* [Work task]:
From the listing that follows, reproduce only the lines from the one holding "atlanta wedding photographer david diener" through the one holding "Football Kick Vector", both included, with no pictures.

* [Material shown]:
▽
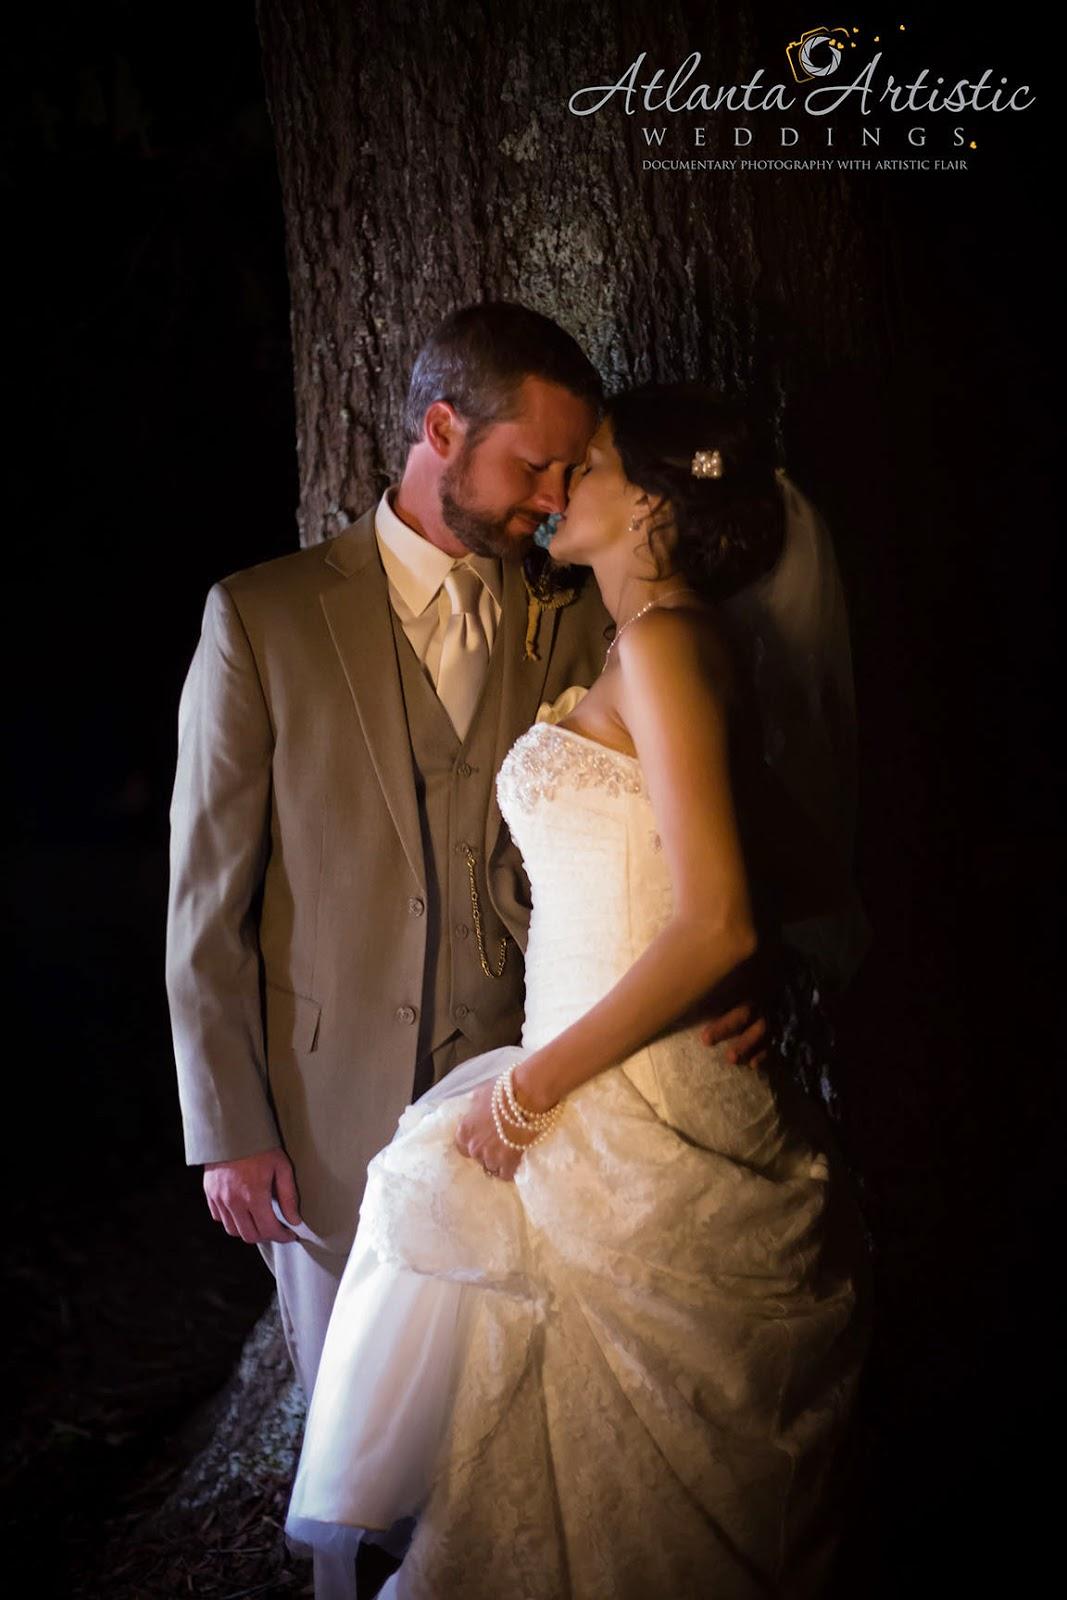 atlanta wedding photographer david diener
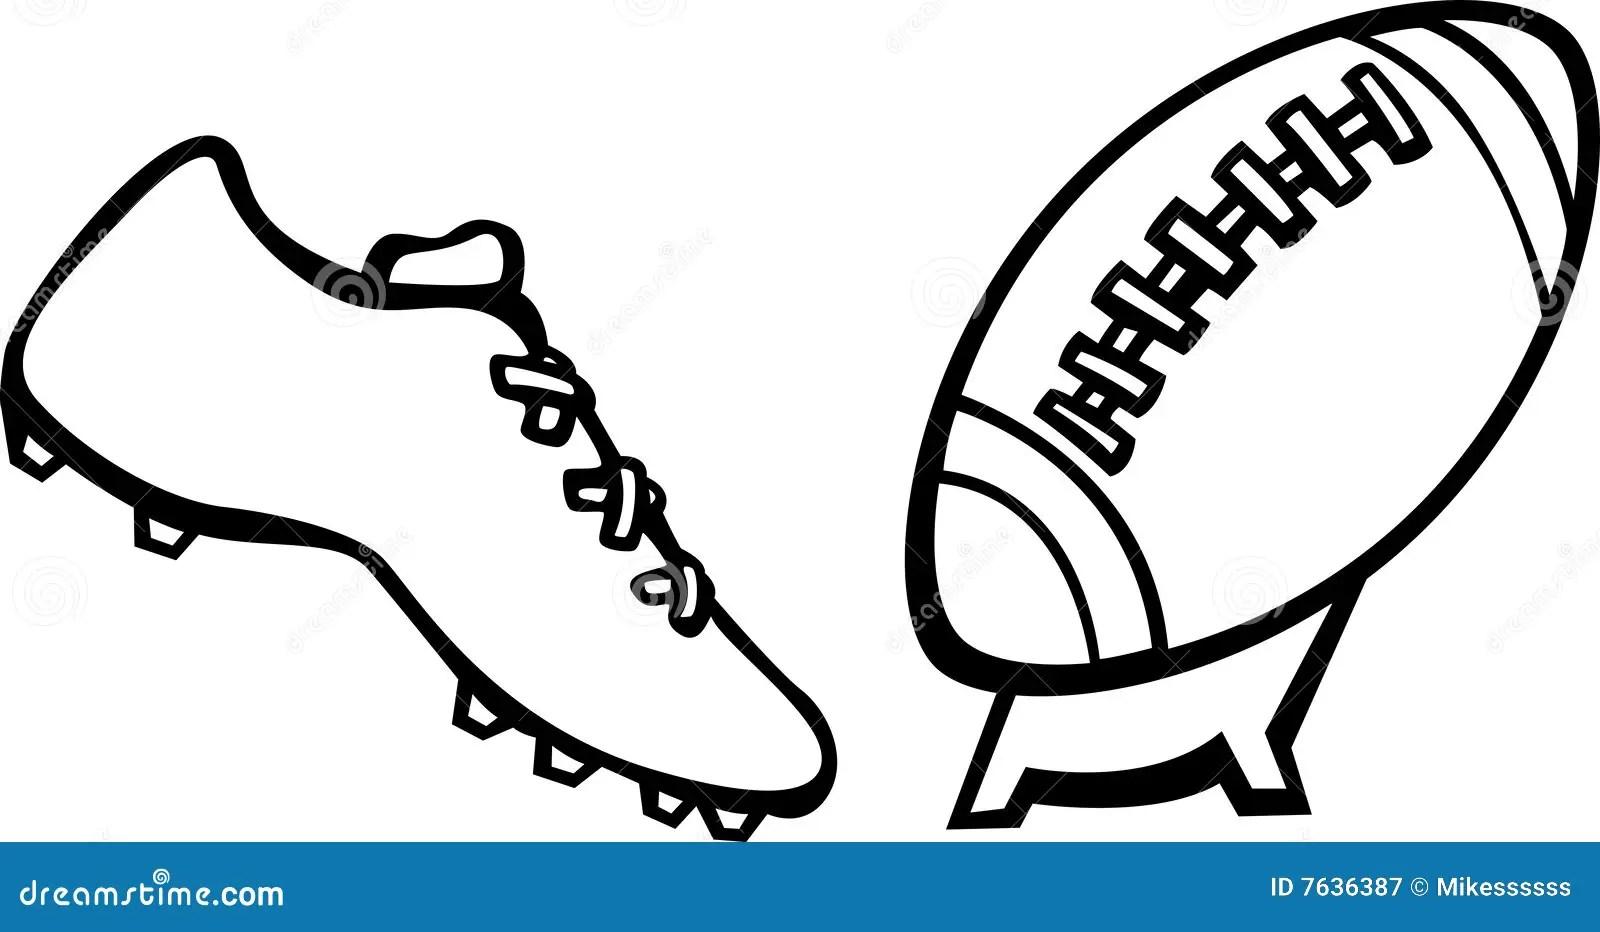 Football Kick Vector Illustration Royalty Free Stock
△
▽
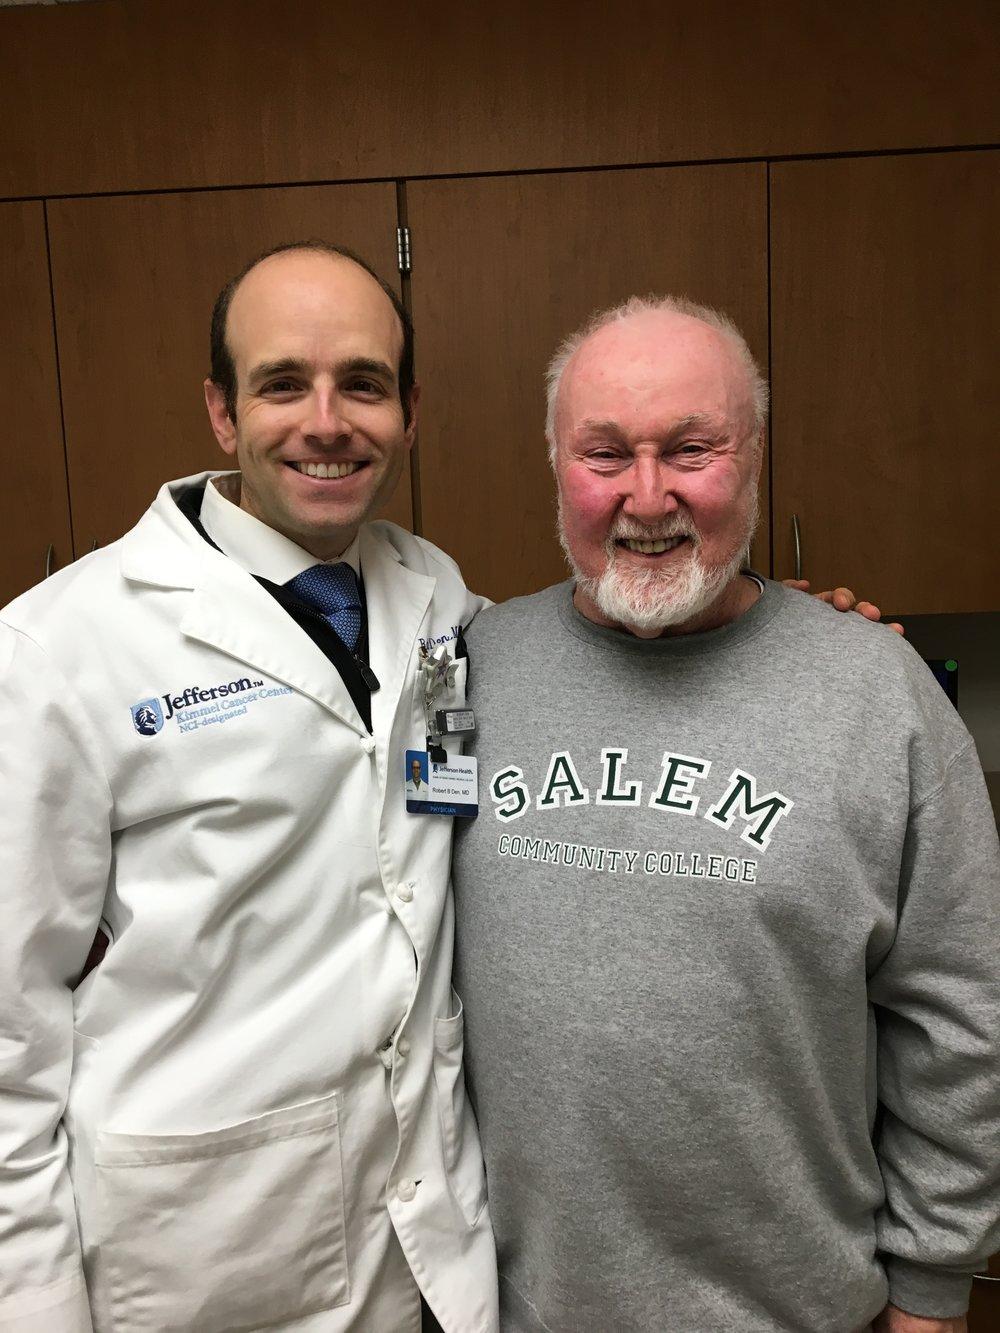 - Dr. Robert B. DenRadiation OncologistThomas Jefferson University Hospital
△
* [Exercise output]:
 atlanta wedding photographer david diener
 Football Kick Vector Illustration Royalty Free Stock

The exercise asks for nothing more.